### Data below
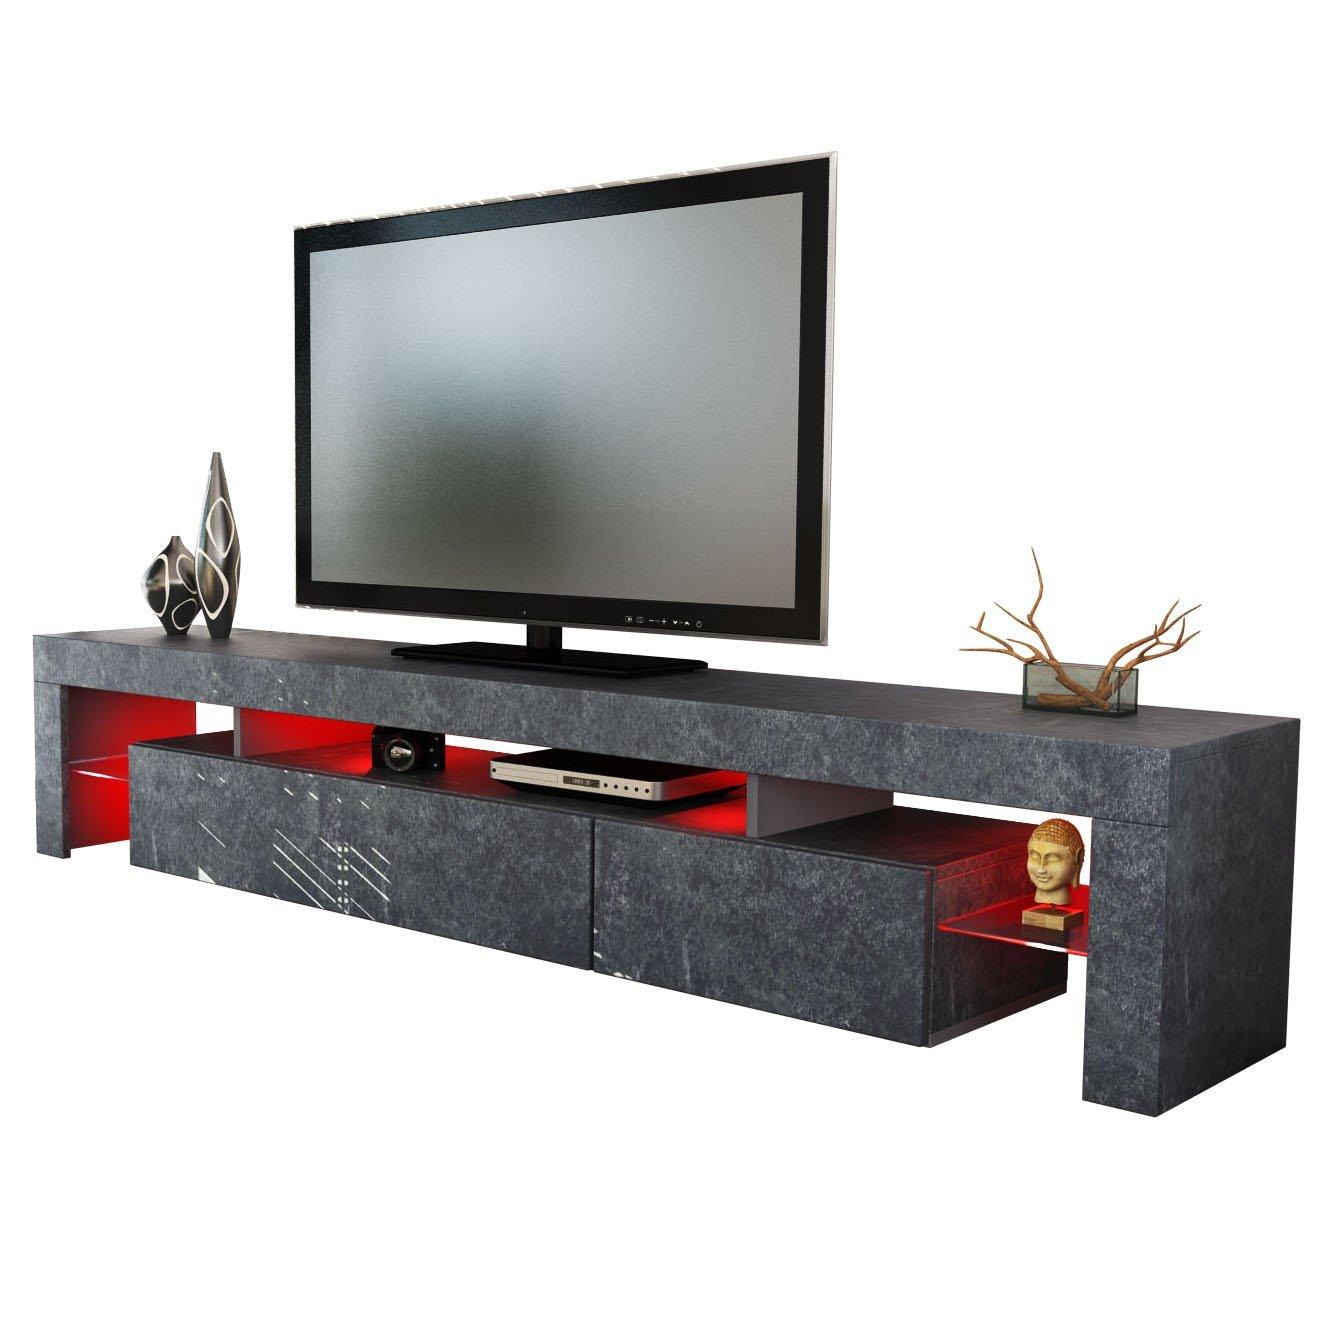 Tv schrank schwarz  ▻ Tv Lowboard Grau + Tv Lowboard Schrank für den Fernseher
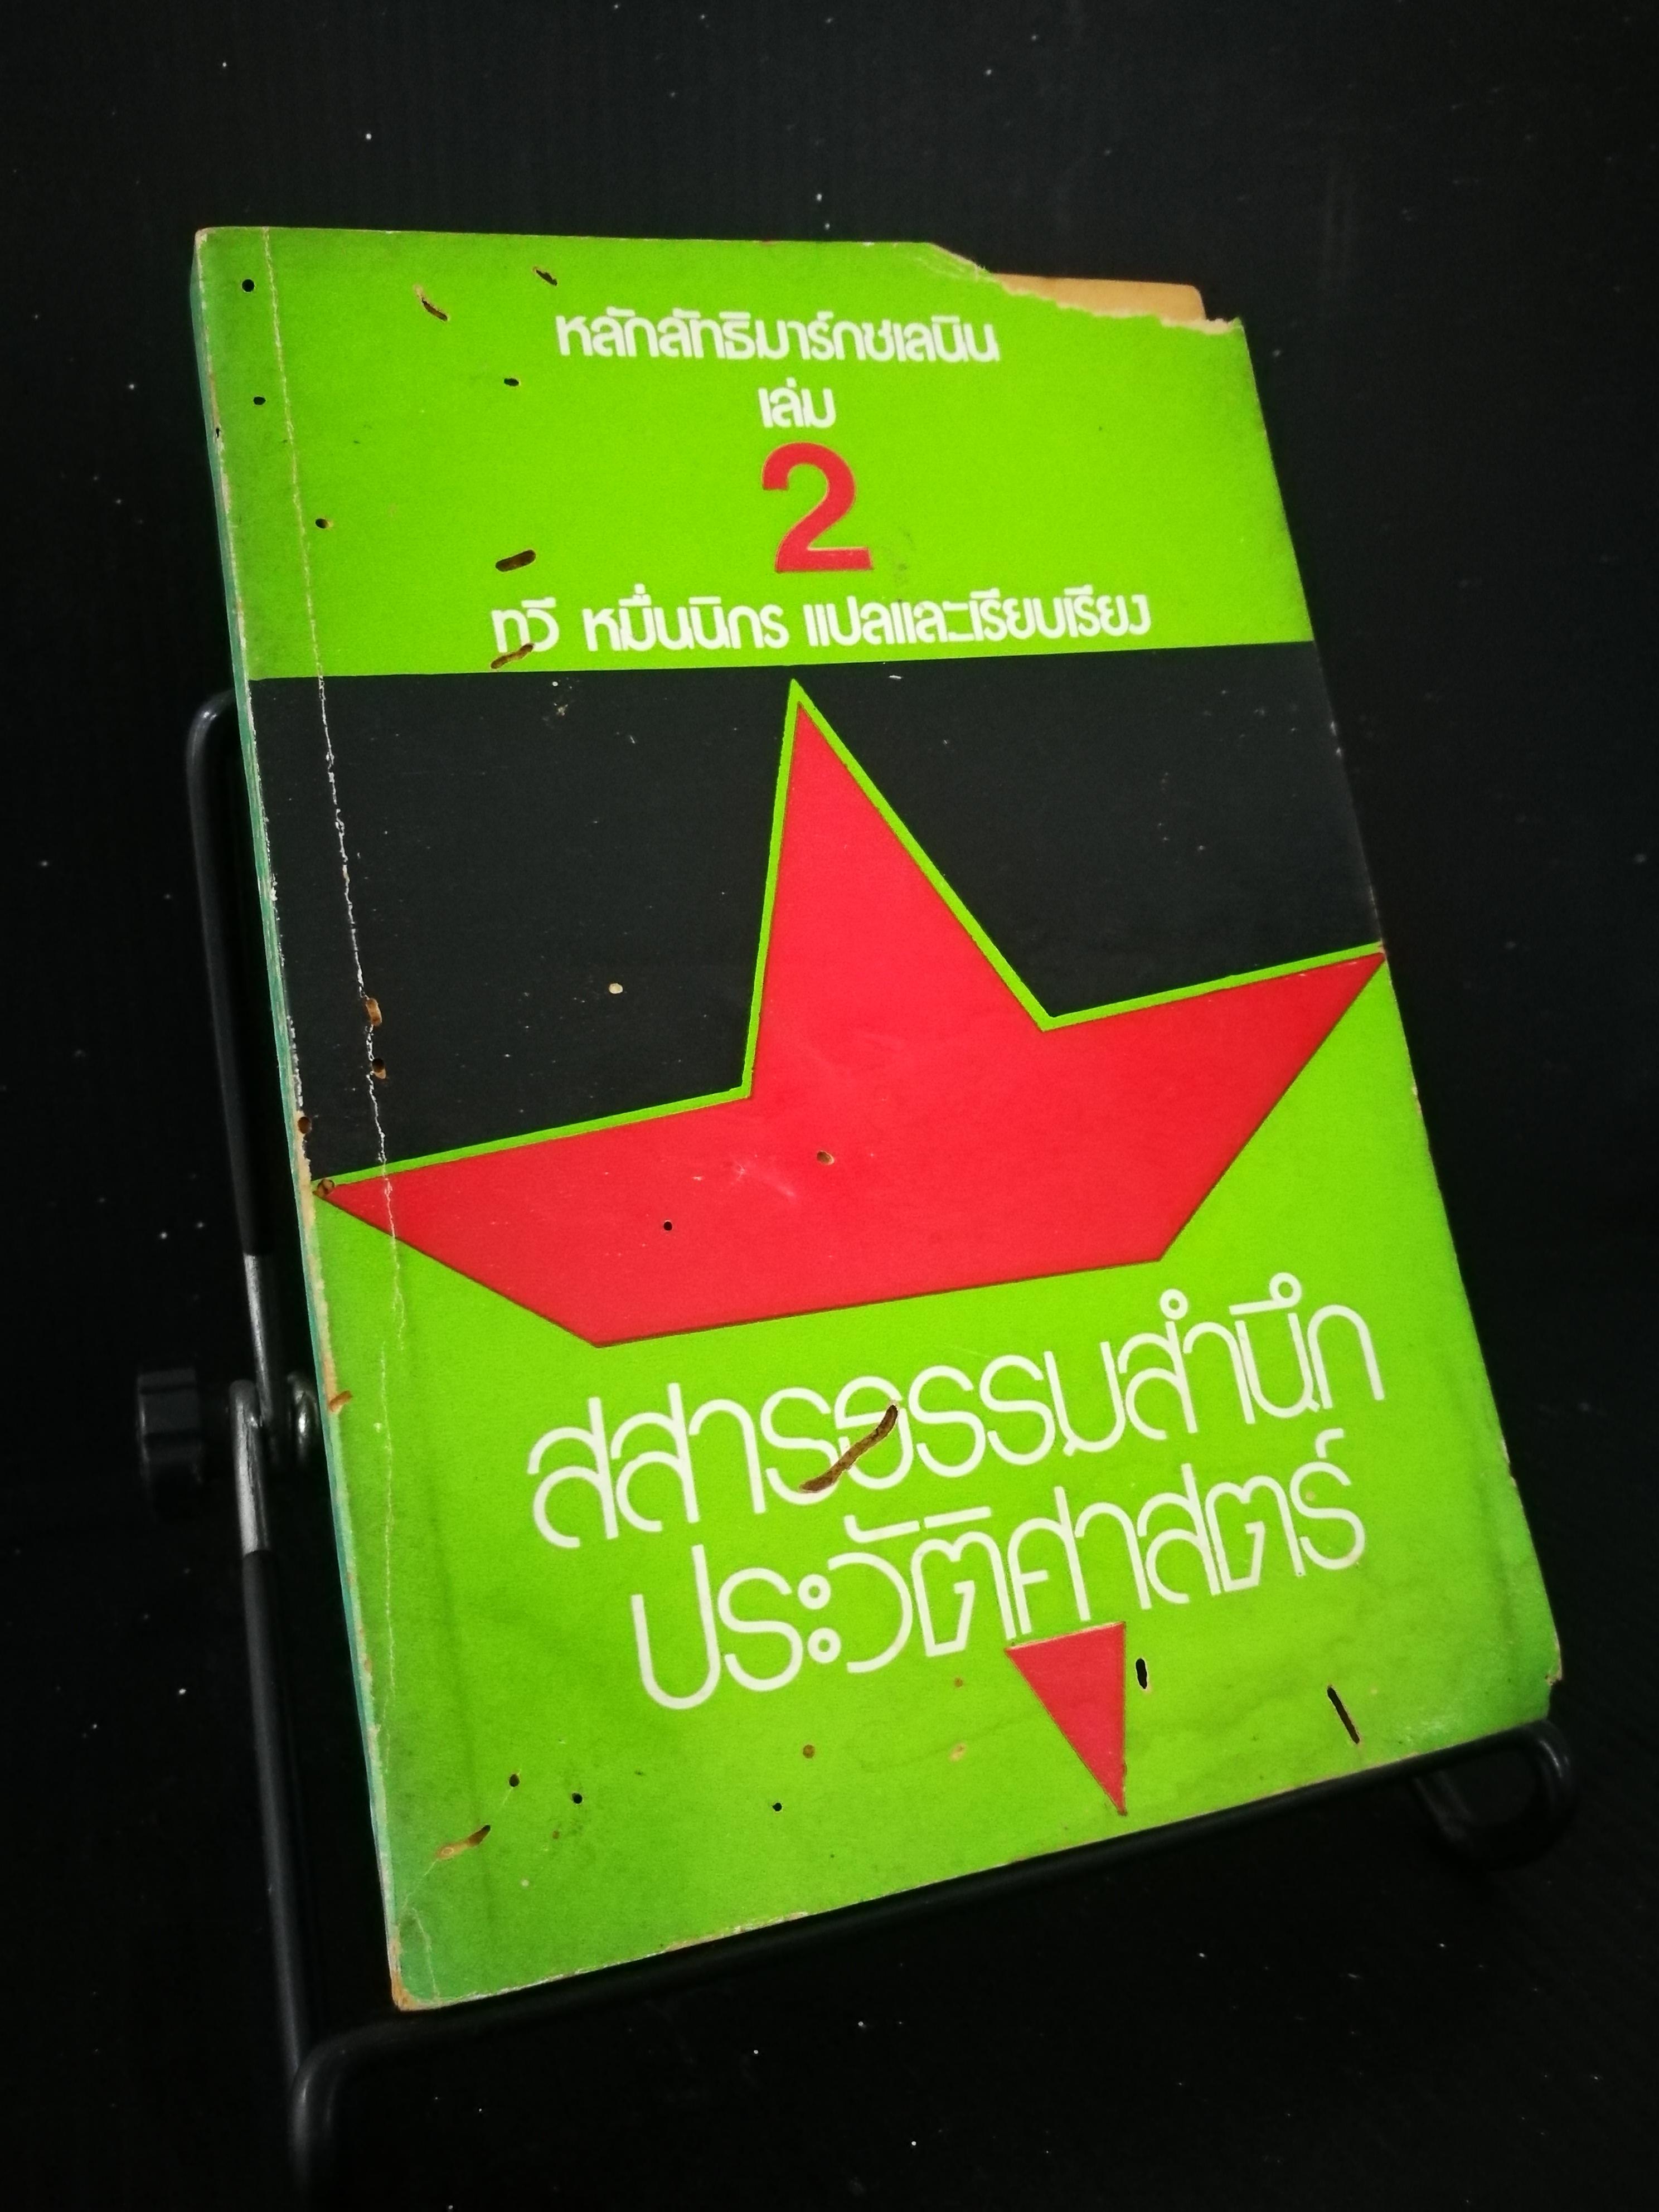 หลักลัทธิมาร์กซเลนิน เล่ม2 - หนังสือต้องห้าม
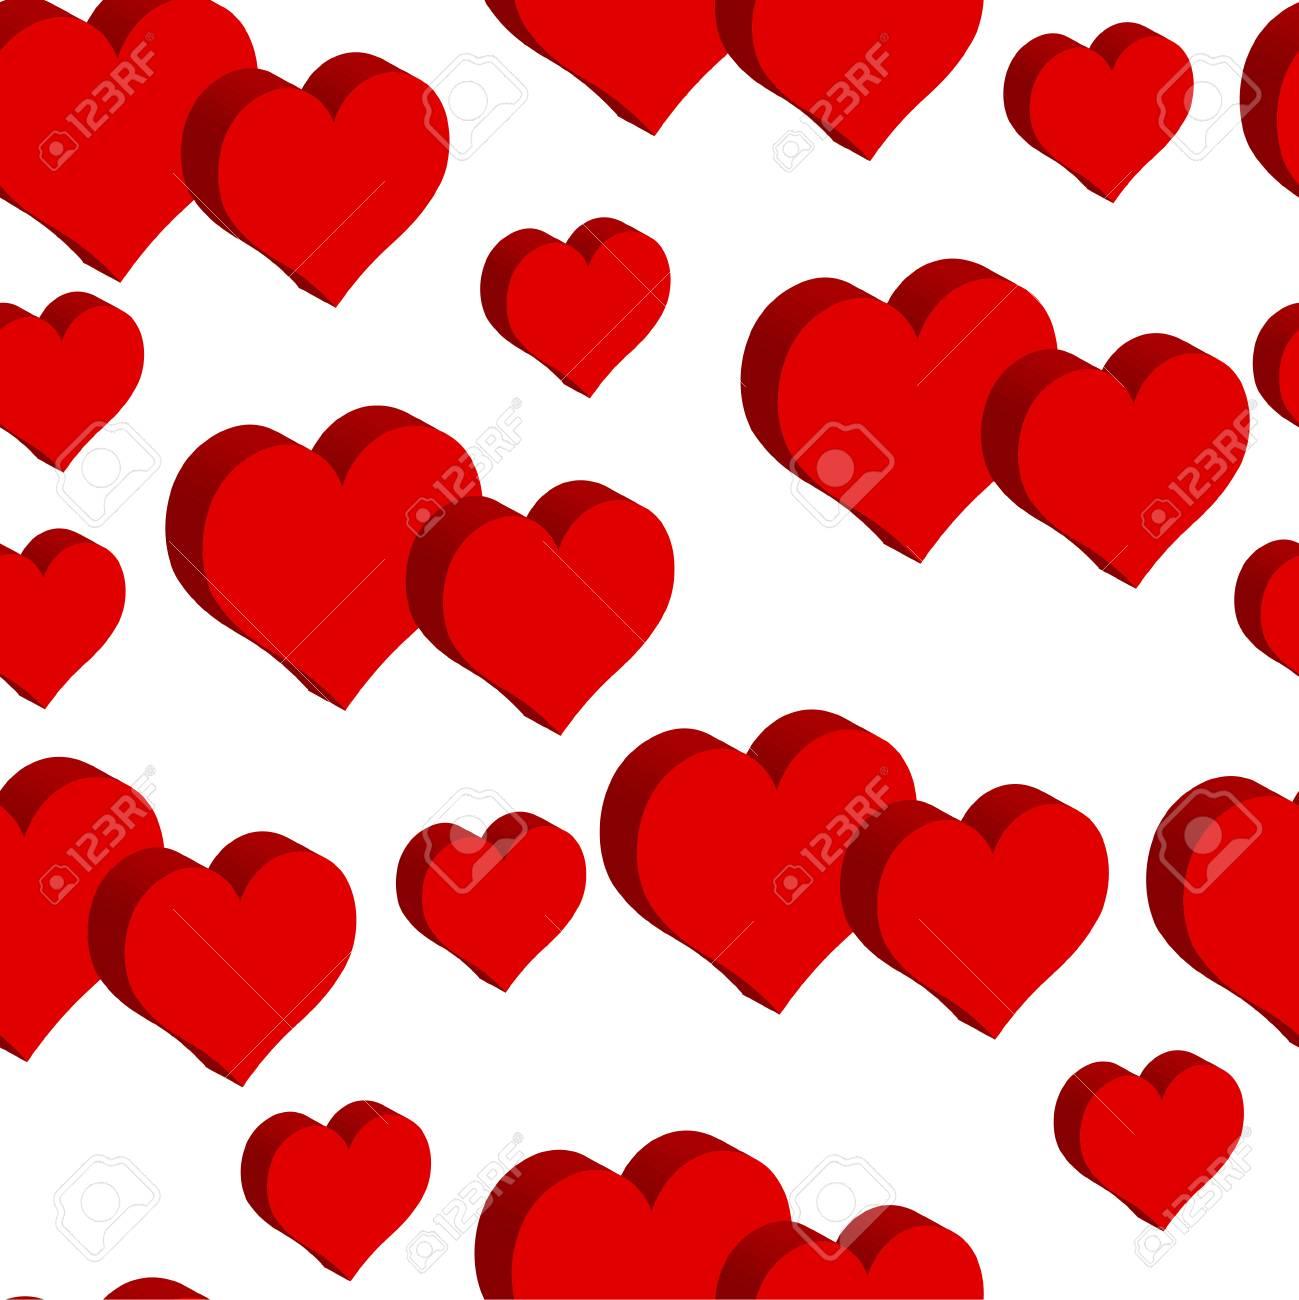 Schön Frohe Valentinstag Bilder Zu Färben Bilder - Malvorlagen Von ...
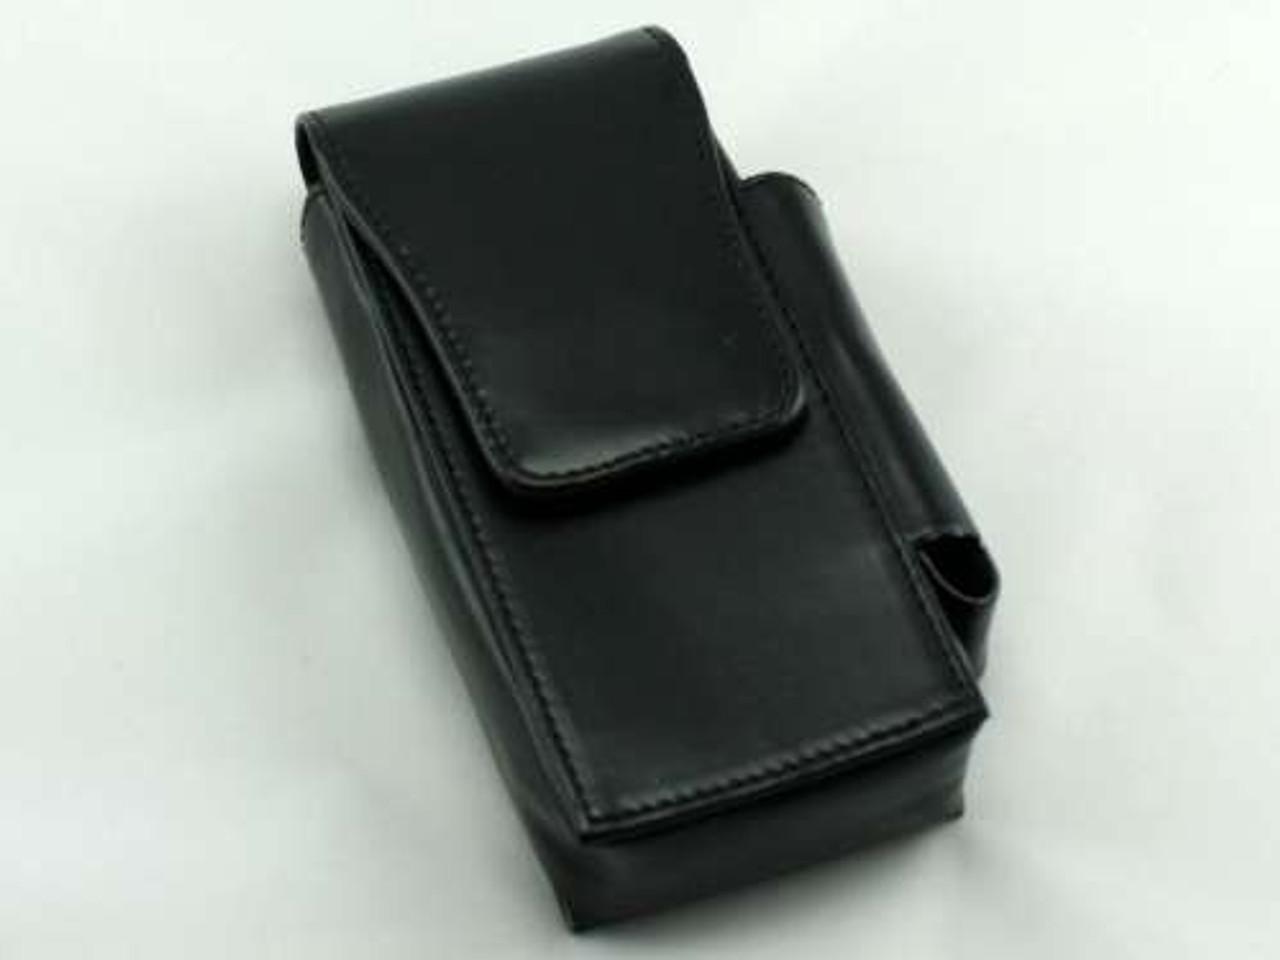 Black Leather Flip Cigarette Pack Holder

### Your objective
Please retype the listing exactly, leaving out any images.

### Answer section
 Tv schrank schwarz  ▻ Tv Lowboard Grau + Tv Lowboard Schrank für den Fernseher
 หลักลัทธิมาร์กซเลนิน เล่ม2 - หนังสือต้องห้าม
 Schön Frohe Valentinstag Bilder Zu Färben Bilder - Malvorlagen Von ...
 Black Leather Flip Cigarette Pack Holder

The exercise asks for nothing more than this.